TIACam: Text-Anchored Invariant Feature Learning with Auto-Augmentation for Camera-Robust Zero-Watermarking

TL;DR

TIACam is presented, a text-anchored invariant feature learning framework with auto-augmentation for camera-robust zero-watermarking, establishing a principled bridge between multimodal invariance learning and physically robust zero-watermarking.

Abstract

Camera recapture introduces complex optical degradations, such as perspective warping, illumination shifts, and Moiré interference, that remain challenging for deep watermarking systems. We present TIACam, a text-anchored invariant feature learning framework with auto-augmentation for camera-robust zero-watermarking. The method integrates three key innovations: (1) a learnable auto-augmentor that discovers camera-like distortions through differentiable geometric, photometric, and Moiré operators; (2) a text-anchored invariant feature learner that enforces semantic consistency via cross-modal adversarial alignment between image and text; and (3) a zero-watermarking head that binds binary messages in the invariant feature space without modifying image pixels. This unified formulation jointly optimizes invariance, semantic alignment, and watermark recoverability.
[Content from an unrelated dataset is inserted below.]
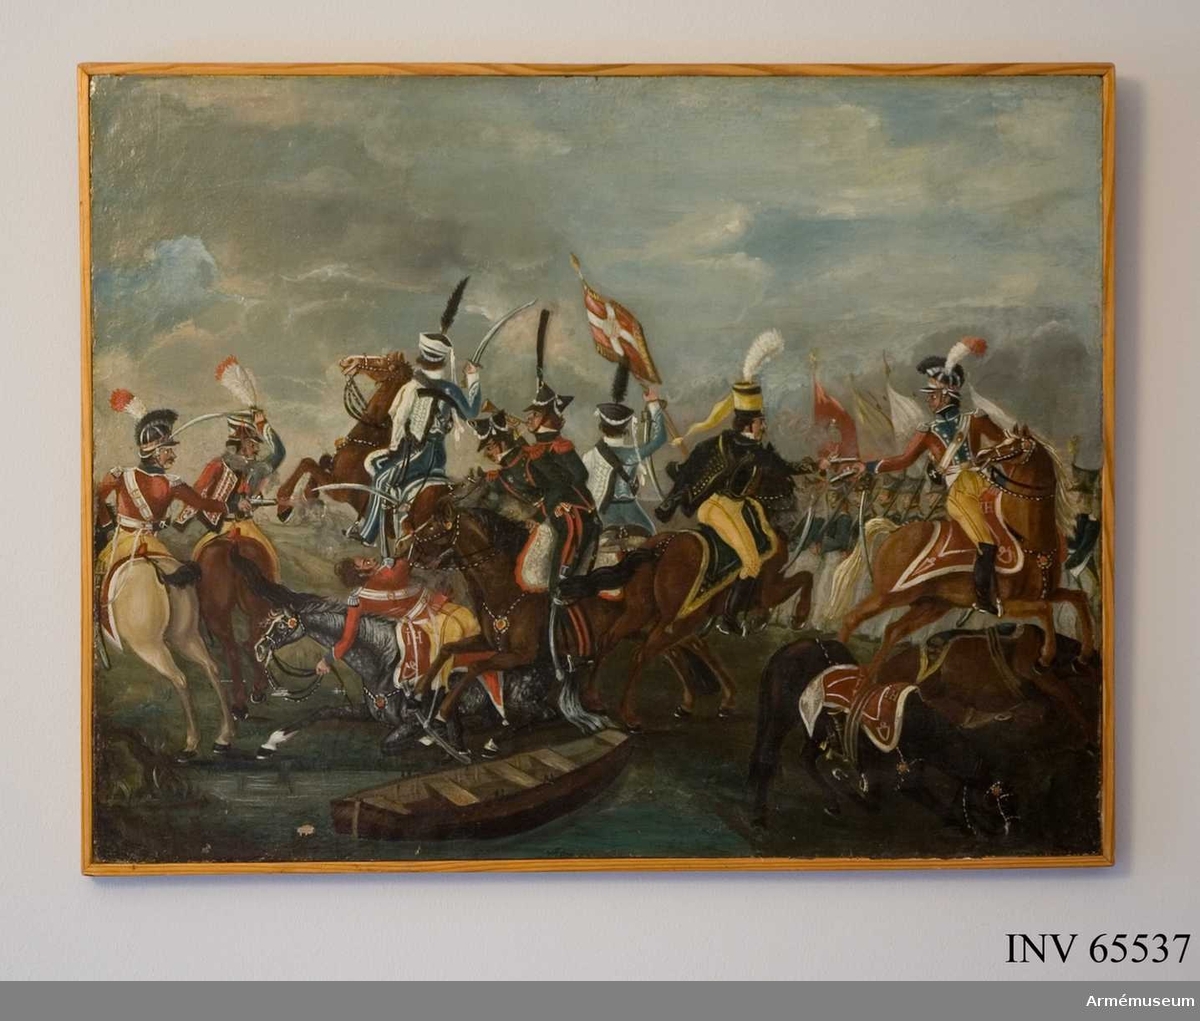 Grupp M I.
Målning föreställande "Dansk-svensk kavalleristrid, 1800-talets början". 3 st liknande målningar Svea livgarde 1968.

Extensive experiments on both synthetic and real-world camera captures demonstrate that TIACam achieves state-of-the-art feature stability and watermark extraction accuracy, establishing a principled bridge between multimodal invariance learning and physically robust zero-watermarking.

Figures (11)

• Figure 1: Concept of the proposed TIACam.
• Figure 1: Example of Visual Gnome Training Data used in TIACam.
• Figure 2: Overview of the proposed TIACam. Given an input image $x$ and its positive anchor caption $T$ with a negative caption $\tilde{T}$, a distorted image $\hat{x} = \mathcal{T}_{\text{aug}}(x)$ is generated using the learned auto-augmentor $\mathcal{T}_{\text{aug}}(\cdot)$. All inputs are encoded by the CLIP encoders to obtain 768-D features, which are refined by the invariant feature extractor $f_{\theta}(\cdot)$ into 1024-D invariant representations. Paired samples $(f_{\theta}(x), g_{\tau}(T))$, $(f_{\theta}(\hat{x}), g_{\tau}(T))$, and $(f_{\theta}(\hat{x}), g_{\tau}(\tilde{T}))$ are used to train a discriminator $D_{\psi}(\cdot)$ that distinguishes real from fake associations, while $f_{\theta}$ is adversarially optimized both against $D_{\psi}$ for semantic alignment and against $\mathcal{T}_{\text{aug}}$ for robustness. For zero-watermarking, the invariant feature $f_{\theta}(x)$ is projected onto reference codes $C$, and watermark bits are predicted as $\hat{W} = \sigma(f_{\theta}(x)^{\top} C)$ for reliable extraction.
• Figure 2: Example of Flickr training data used in TIACam. The first row shows the images, the second row contains the corresponding captions, and the third row presents paraphrased versions of those captions.
• Figure 3: From left to right: example image, its camera-distorted version, and an unrelated negative image.